Der ideale Politiker hat sicherlich die wirtschaftliche Einstellung eines Mahatma Gandhi. Aber pragmatisch gesehen, sollte man von einem Politiker in erster Linie verlangen, dass er gute Politik macht. Wenn er neben seinem politischen Engagement auch noch seine persönliche wirtschaftliche Situation im Auge hat, denn ist das zwar nicht ideal - aber es ist auch nicht ausgeschlossen, dass er trotzdem gute Politik macht.
Das sehe ich auch so: die gute Arbeit steht im Vordergrund. Dieselbe wird aber erheblich in ihrer Qualität eingeschränkt, sobald sich persönliche finanzielle Interessen hinzugesellen.

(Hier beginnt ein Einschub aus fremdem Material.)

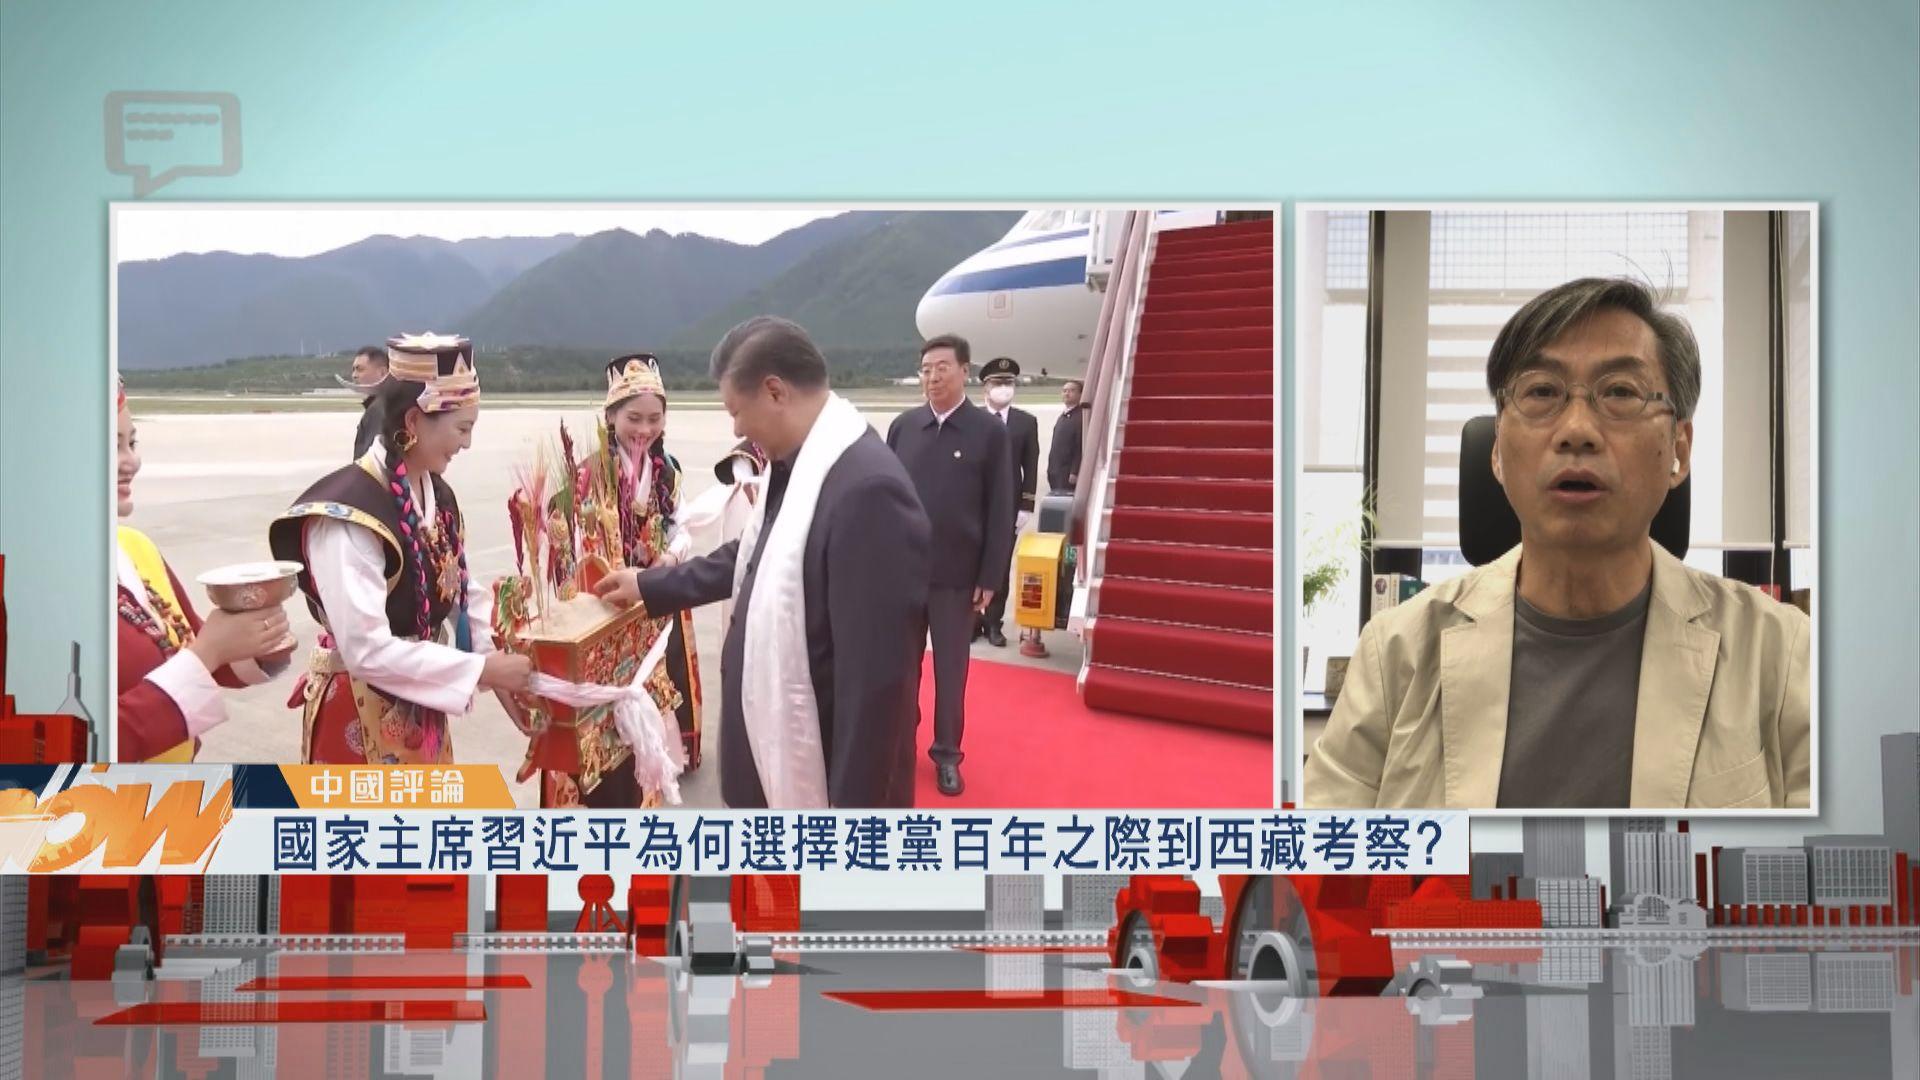 【中國評論】習近平赴西藏考察

Ich denke, Diäten sollten in diesem Sinne auch als Anreiz oder als Anerkennung nicht zu gering bemessen sein. Es wäre für die Allgemeinheit nicht gut, wenn gute Leute vermehrt in die Wirtschaft gehen, weil sie als Politiker zu schlecht bezahlt würden.
...
Nochmal: wer in die Politik geht, um "Kohle zu machen", der hat dort sowieso nichts zu suchen! Man sollte sogar versuchen zu verhindern, dass sich Leute durch politische Arbeit bereichern können.
 
Zuletzt bearbeitet:
Jedem sollte nach seiner Bedürftigkeit zugeteilt werden. Etwas gerechteres gibt es nicht. 7000 Euro übersteigen bei weitem die Bedürftigkeit eines durchschnittlichen Familienvaters.

Die Bedürftigkeit in diesem Land wurde bereits festgestellt! Das nennt sich Hartz 4 und stellt die Bedürfnisse eines jeden sicher. ( Plus Kindergeld, Miete, Sozialbeiträge etc. )
Und was Du hier ansprichst ist Kommunismus. Danke!
 
Irgendwie hatte ich auch bei einem Teil der Beiträge
Menschen im "Blaumann mit Fahrrad " vor Augen.

Von dem Zeug ist jetzt an anderer Stelle eine Menge über.
Dürfte für eine Mehrfachaustattung 😉 der gesamten
deutschen Bevölkerung reichen.

Karin
 
Ja, EU-Franks Modell der Bedürftigkeit würde die BRD schlagartig von allen Politikern befreien. Ein trotz allem schöner Gedanke - und dafür dürften die Hartz 4 Empfänger dann zuschlagen, hihi.
Ich weiß nicht wie es im realen Kommunismus war. Honni werden wahrscheinlich tausend Ostmark genügt haben. Groß reisen konnte er nicht und die westlichen Pornos und den Champagner mußte er sicherlich nicht von seinem Gehalt bezahlen.
 
Allerdings fängt der einzelne Deutsche nach EuFranks Berechnung,
der Vermögensaufteilung,
das "Gleichsein" mit einem "Kapital" 😉 😎 von 80.000,--Euros an.